◆ **What this task involves**: Where the line containing "Box of 5000" appears below, start there and repeat each line exactly to the end. Leave the pictures out.

◆ **Material provided**:
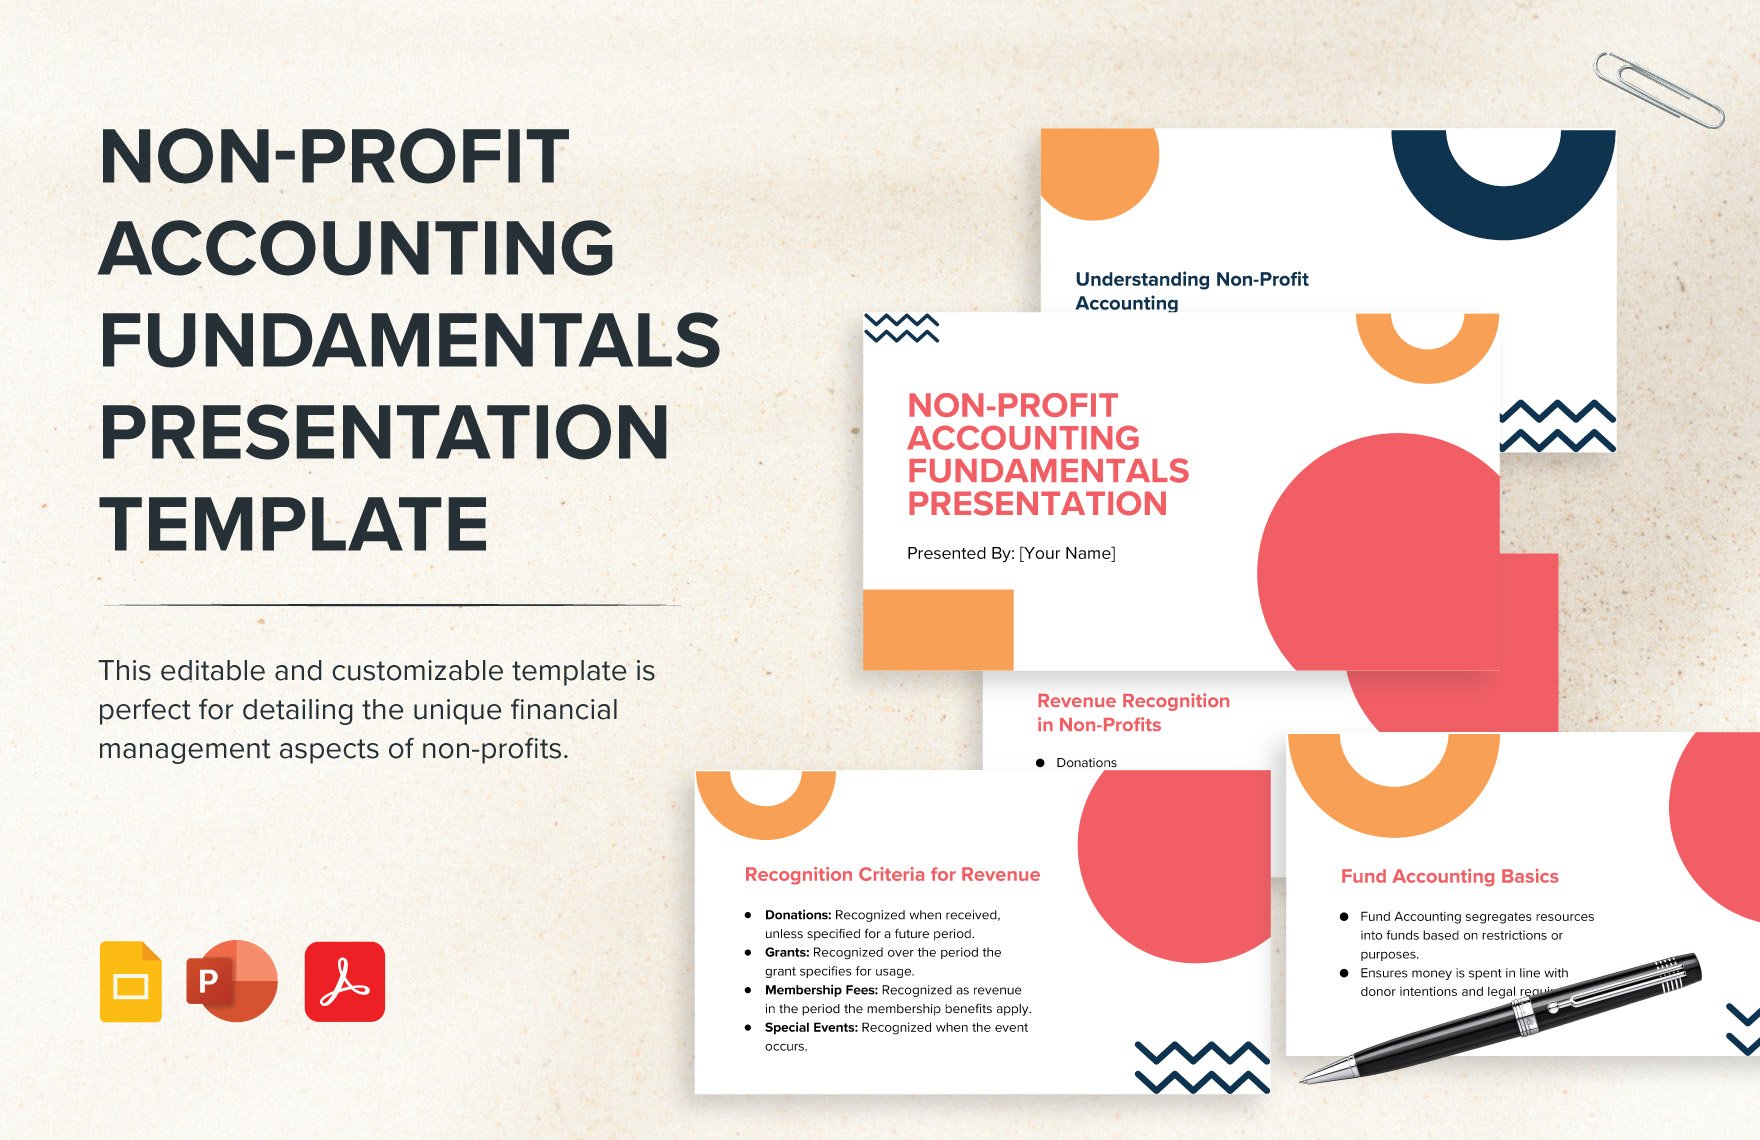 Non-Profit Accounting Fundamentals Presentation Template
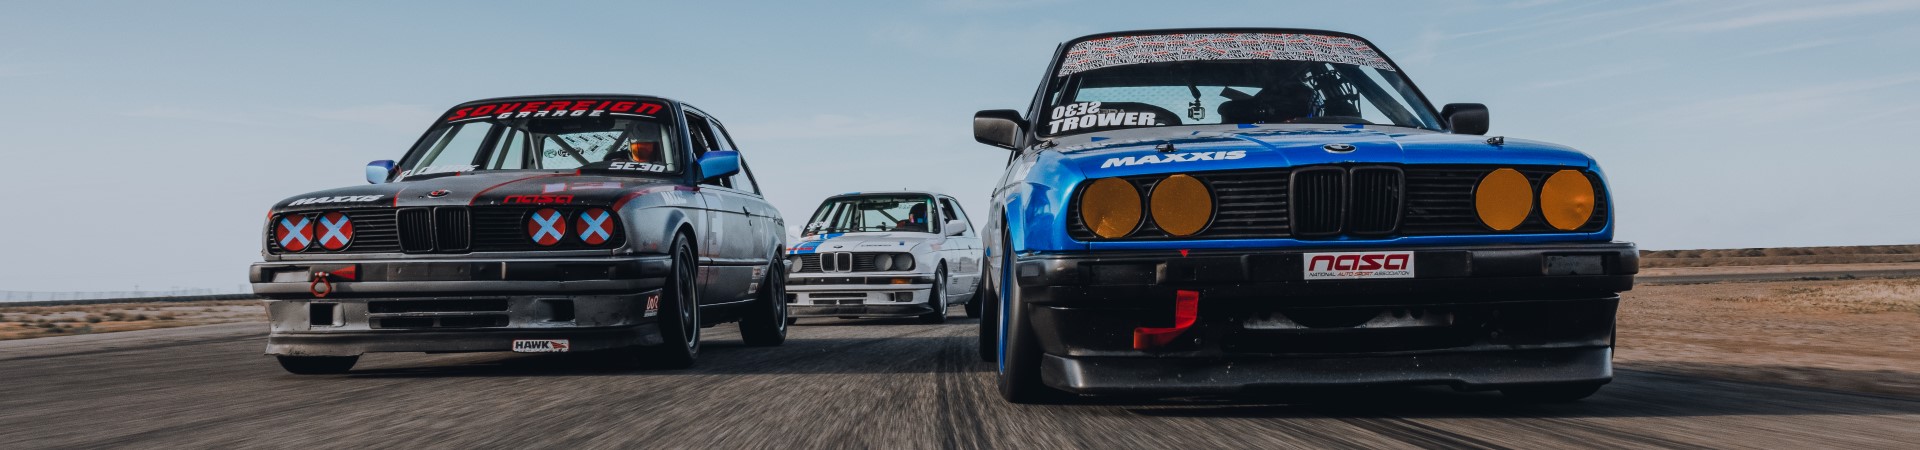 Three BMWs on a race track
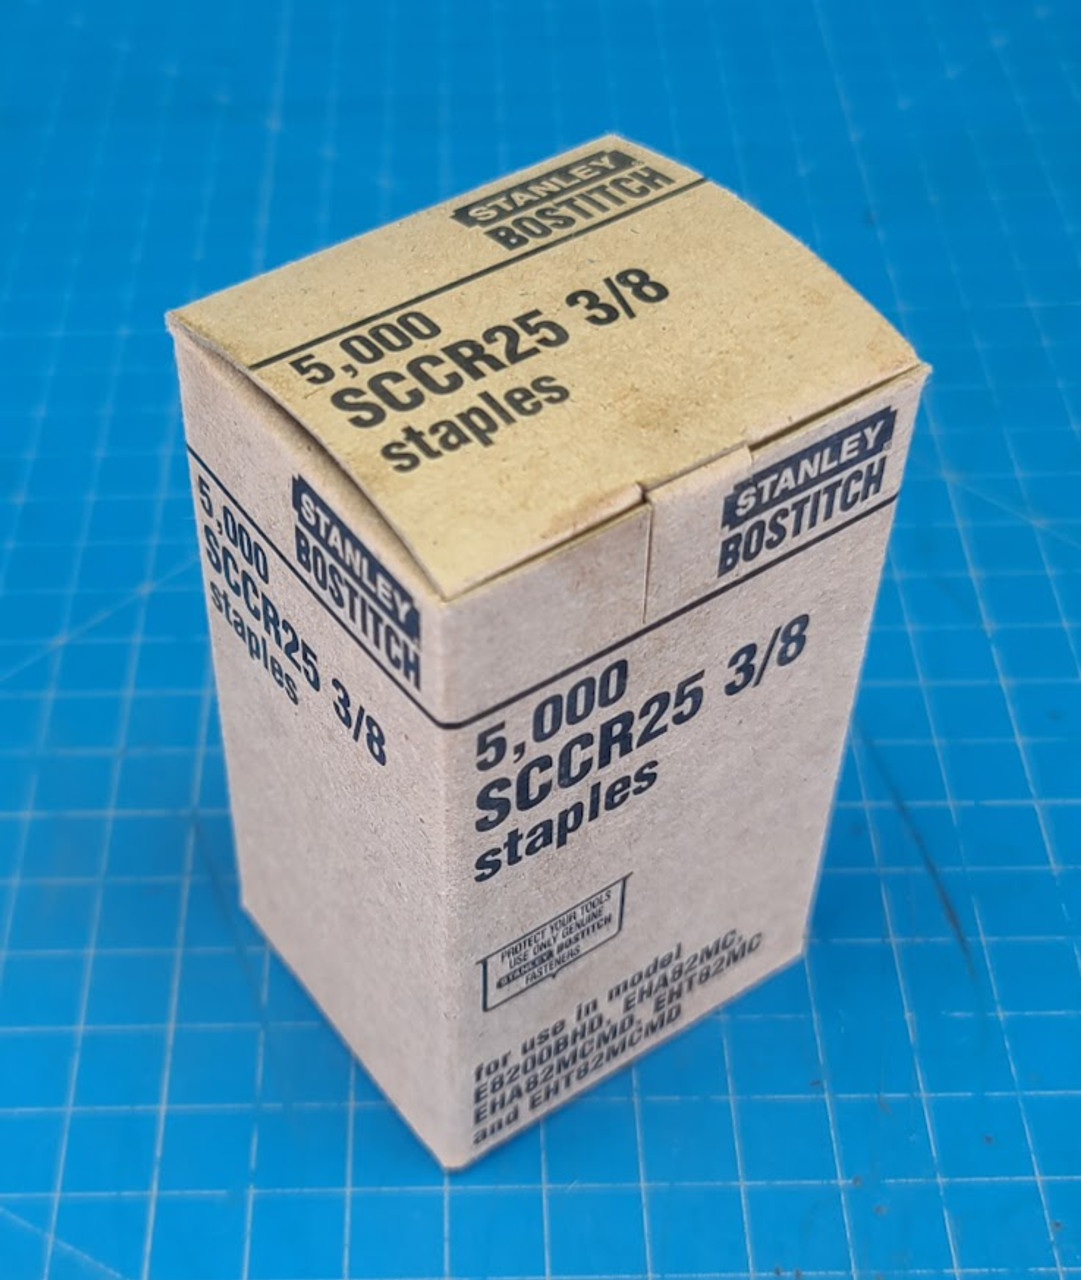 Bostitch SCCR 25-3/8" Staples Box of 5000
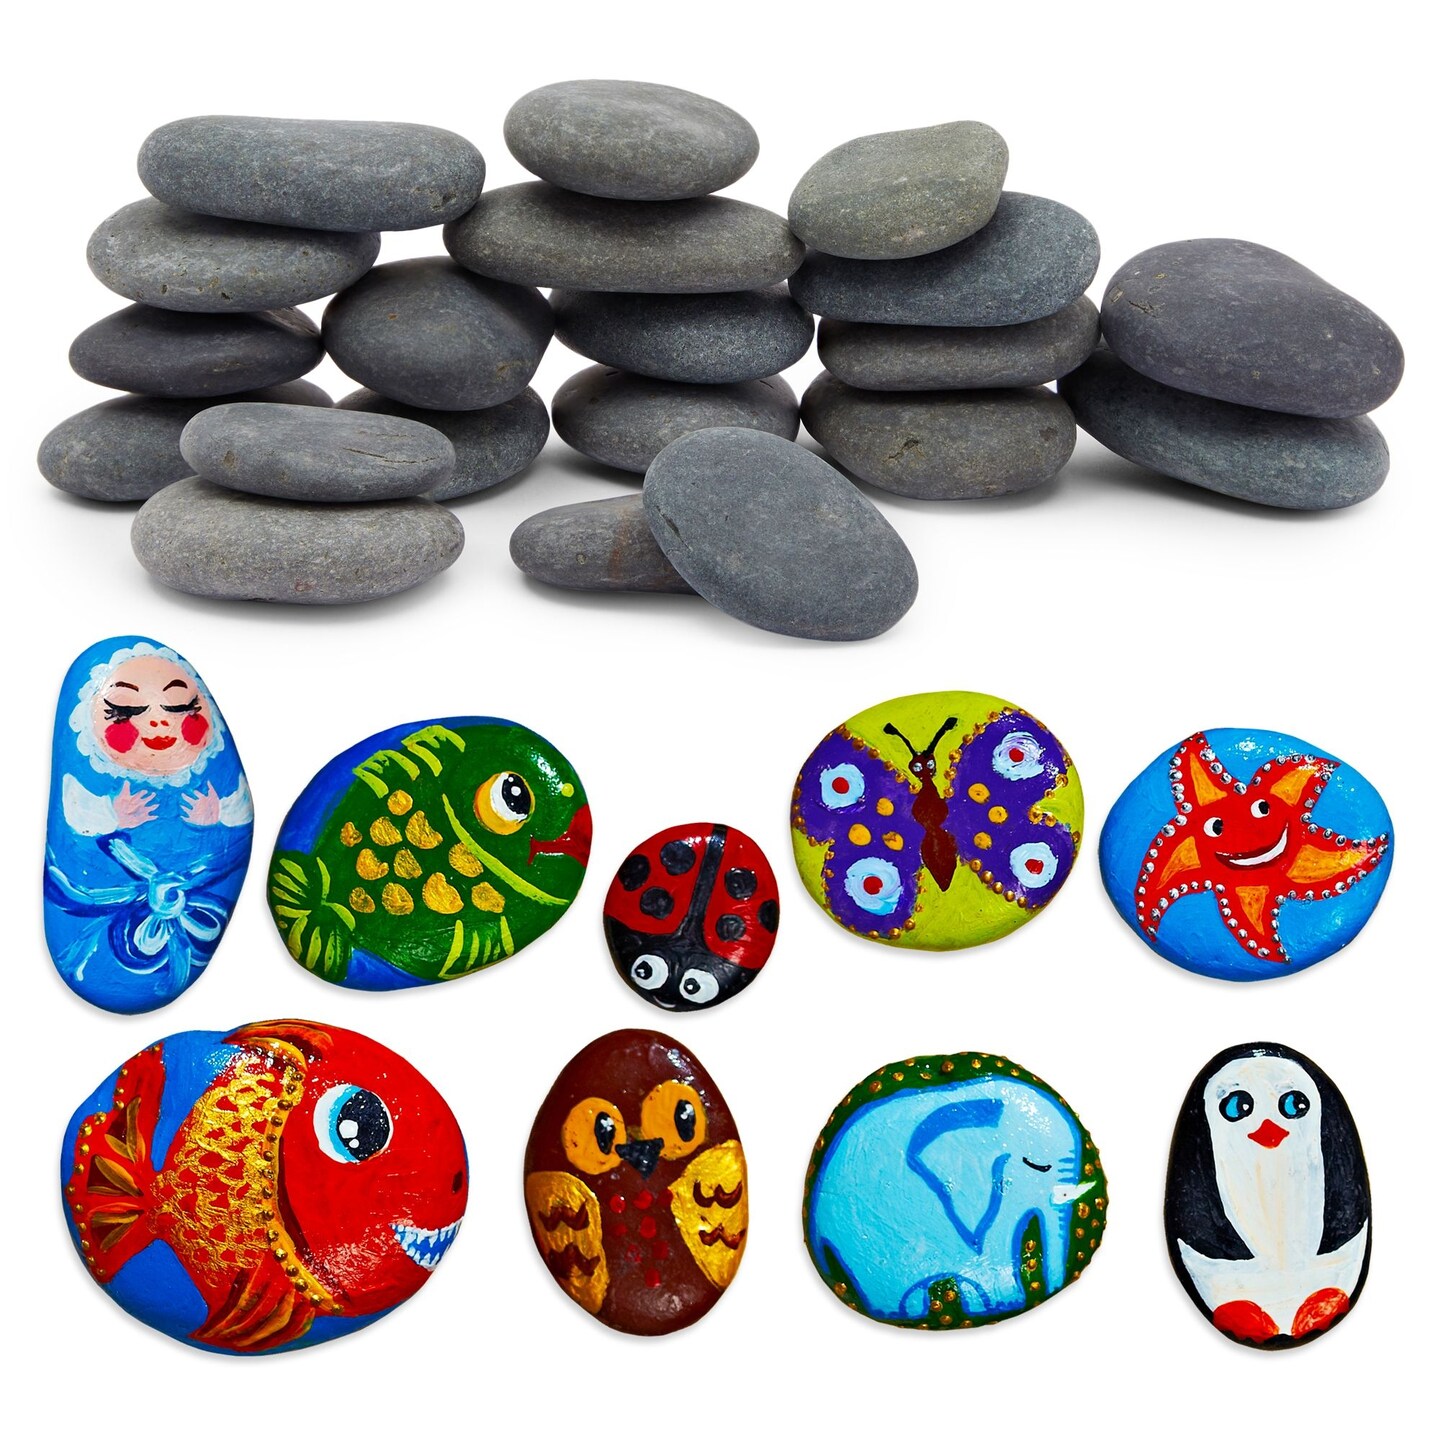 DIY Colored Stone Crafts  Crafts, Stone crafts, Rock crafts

◆ **Expected answer**:
 Bostitch SCCR 25-3/8" Staples Box of 5000
 DIY Colored Stone Crafts  Crafts, Stone crafts, Rock crafts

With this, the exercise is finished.